» **Information supplied**:
○ ○ ○ ○ ○

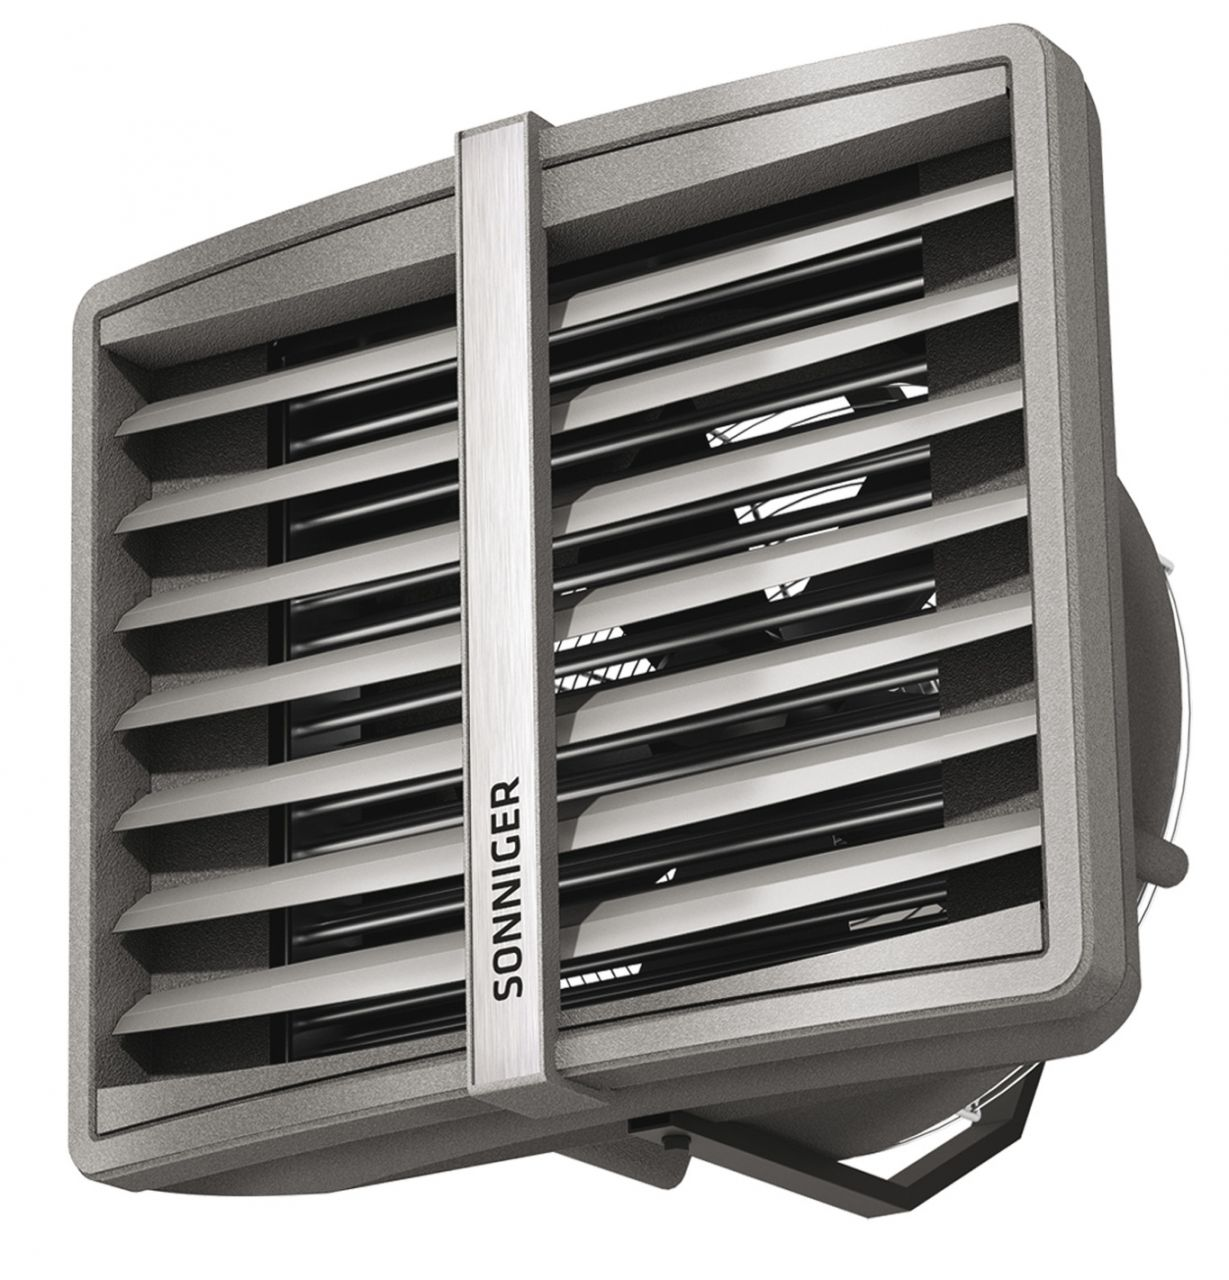 HEATER R2 termoventilátor AC motorral,tartókonzollal Vmax=4600m3/h 30-50 kW
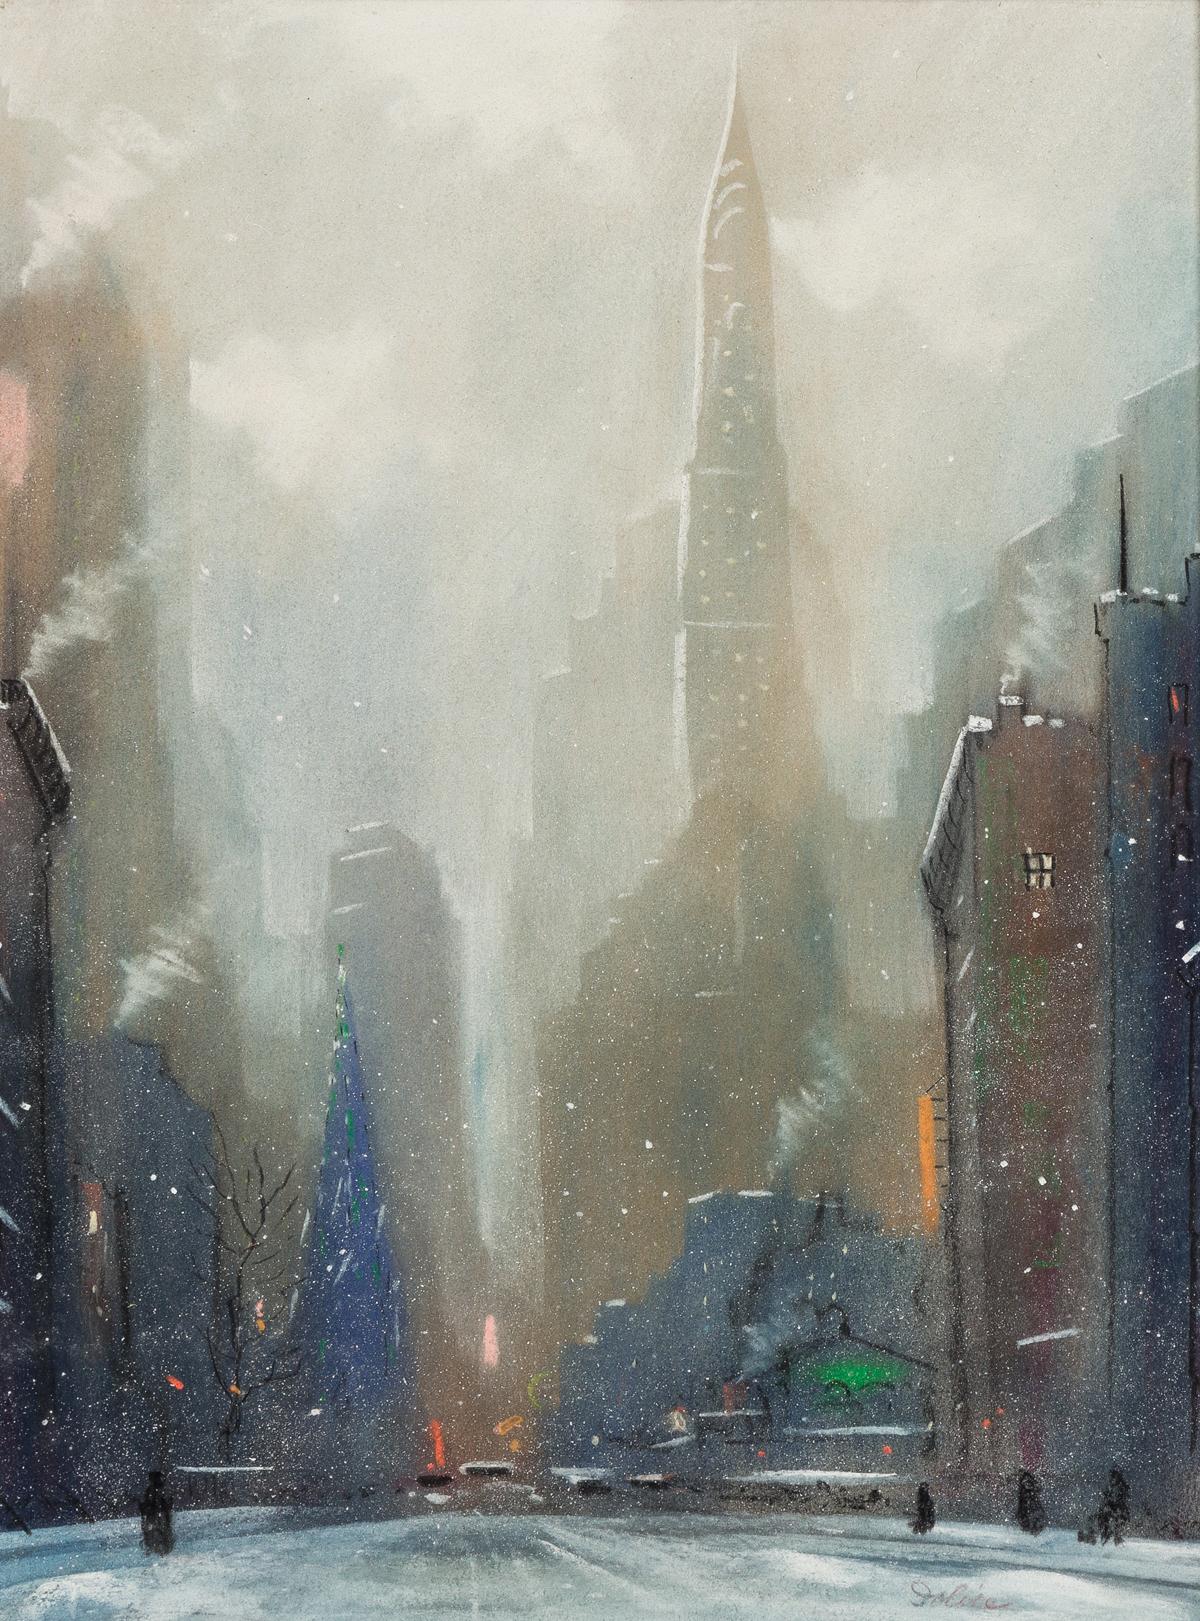 LEON DOLICE Chrysler Building at Christmas.
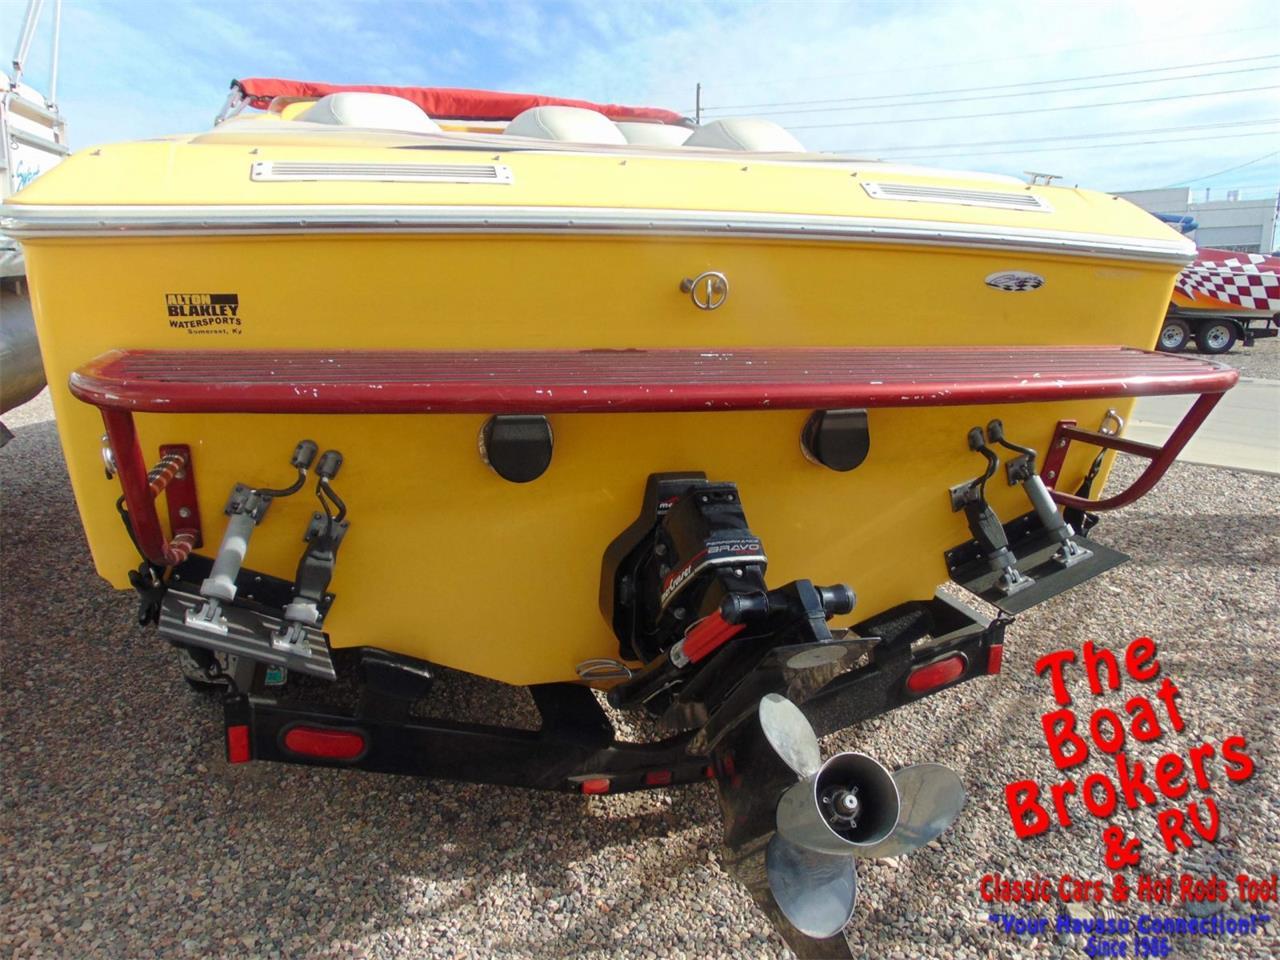 1999 Miscellaneous Boat (CC-1320086) for sale in Lake Havasu, Arizona

○ ○ ○ ○ ○

» **Assignment**: All of the listing is to be written out exactly, with the pictures left out.

» **Problem solution**:
 HEATER R2 termoventilátor AC motorral,tartókonzollal Vmax=4600m3/h 30-50 kW
 LEON DOLICE Chrysler Building at Christmas.
 1999 Miscellaneous Boat (CC-1320086) for sale in Lake Havasu, Arizona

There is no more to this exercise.